Most machines are three bladed propeller-type designs,
but two bladed devices use (one third!) less material than 3 bladed designs.
However, they need to rotate faster to give the same output. There can also be
more asymmetric stress on the hub. A two bladed 6.2MW floating Seawind
project is planned off
Scotland next year, with more to come later.
Much more dramatically, Kite and aerofoil base airborne wind energy systems have been
pushed for some while, although Google /Alphabet has now pulled support for one
the leaders, Makani. This despite it having run a test flight of its 600 kW airborne wind generator in
Hawaii in 2018 and an offshore
test in 2019 off Norway. Flying turbines with airborne generators may be an eccentric idea, but
Shell is still looking at the Makani
system, and there are other are other variants, such as kites linked to generators on the ground, and ship towing kites, that may hold
promise. So it is maybe
premature to write an
obituary to the whole idea. And
the potential resource in the upper atmosphere is vast.

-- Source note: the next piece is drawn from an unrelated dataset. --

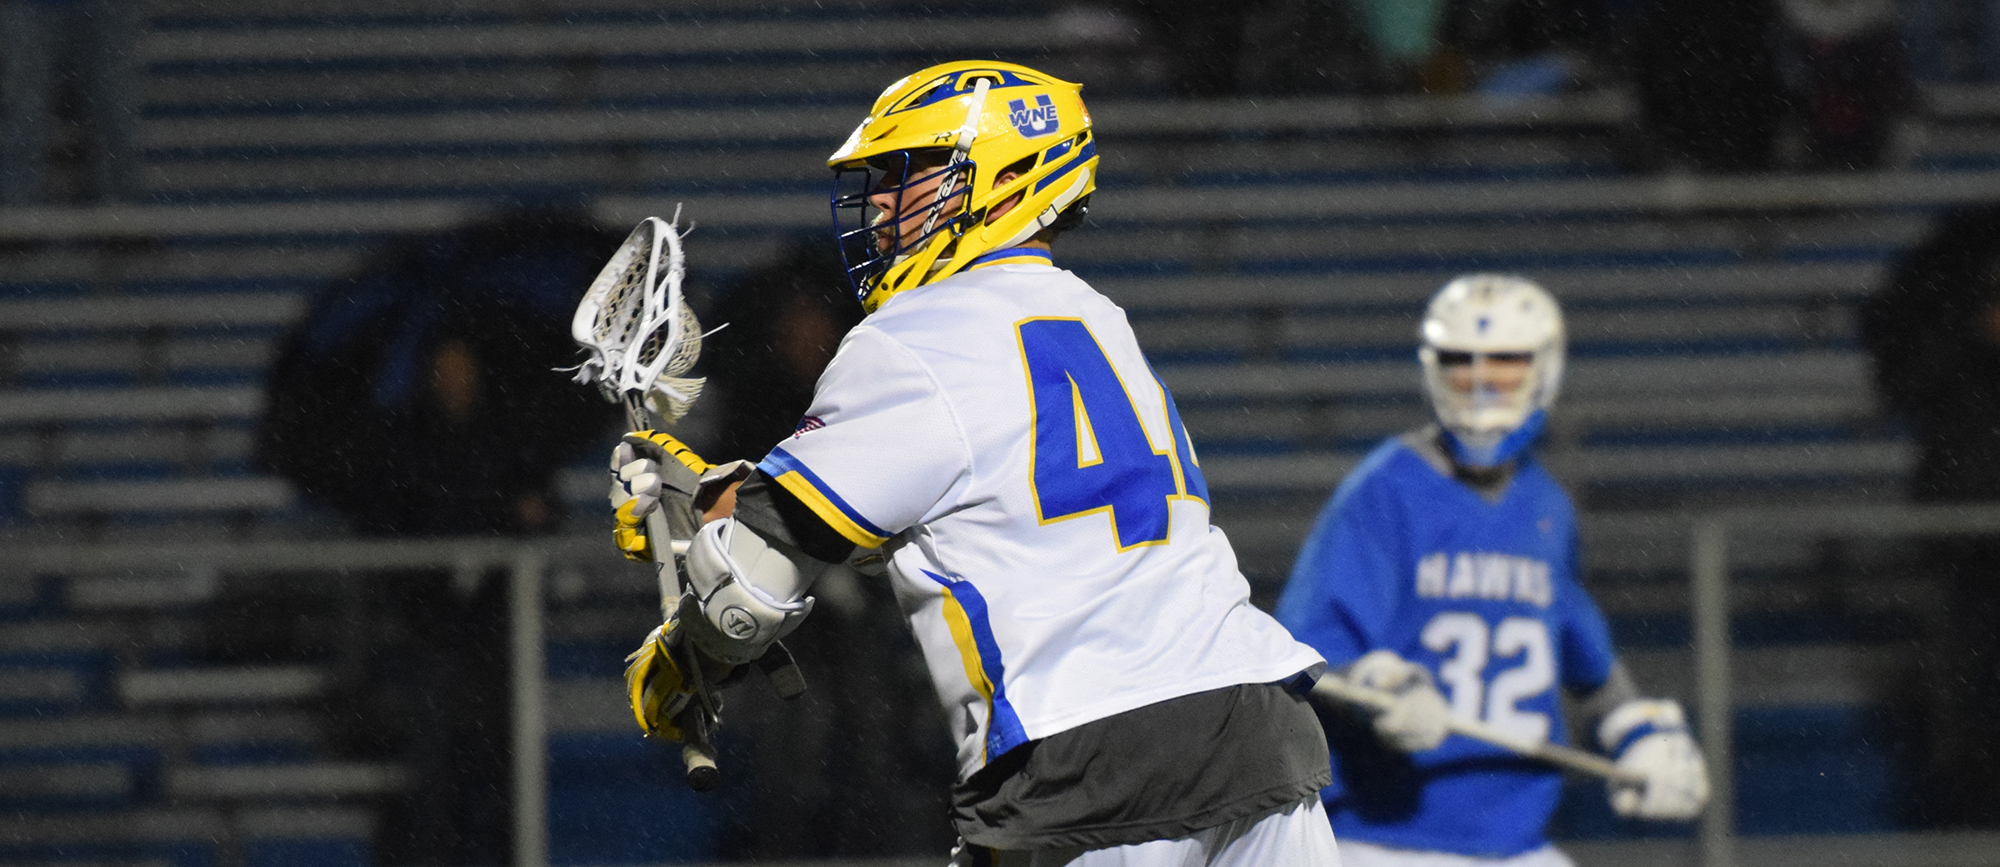 Senior Frank Medlicott scored a career-high five goals in Western New England's 17-8 win over Roger Williams on Wednesday.  (Photo by Rachael Margossian)

Wave and tidal power trail
behind
Still
struggling to get to scale and reduce costs, wave energy projects carry on around the
world, like Ecowave’s on shore
system at Gibraltar, and the Wave roller off Portugal. In the UK
there’s a Cor-Power Ocean ‘wave boost’ review,
seeking to upgrade efficiency. However, in general, in the marine renewable field, tidal
power is doing better with the UK-French Tiger consortium
backing a range of projects,
like the big Simec Atlantis/Meygen sea-bed mounted turbines, Orbital’s 2MW
floating unit and Minesto’s Tidal kite.
Overall global
wave and tidal stream energy production may still be small, but talking it up, Ocean Energy Systems' annual
report said that cumulative energy produced
from wave and tidal stream sources ‘surged
from less than 5GWh in 2009 to 45GWh in 2019’, a tenfold rise over the last decade. Of course, at
500MW or so including tidal barrages, wave and tidal are so far tiny compared
with hydro, at 1.2 GW globally, but given climate change, there may be operational
problems ahead for
hydro, as well as environmental and social impact issues for large hydro
projects, as my next post explores. By
contrast, wave and tidal stream projects seem likely to have fewer problems- if
their costs can be brought down, as has happened with wind and solar PV. Tidal
lagoons and small barrages may also be less invasive than large tidal barrages
or large hydro projects, and they might be able to provide some pumped storage
capacity. That could be important for grid balancing, if the expansion of large
hydro is constrained.
Green energy
The potential for
green power does look good, which is fortunate since we will need all the renewable
power we can get from wind, solar and marine sources, for direct electricity
use, but also for charging EV batteries, and for heating, if heat pumps are
widely adopted, as has been proposed. We will also need it for hydrogen
production. The role of direct green heat suppliers like biomass and solar and the
best balance between the use of green power directly or its use for hydrogen
production is still debated, and I’ll be coming back to that in the next but
one post – looking the the role of electric heat pumps, after I’ve looked at
hydro, which is still the largest single renewable energy source.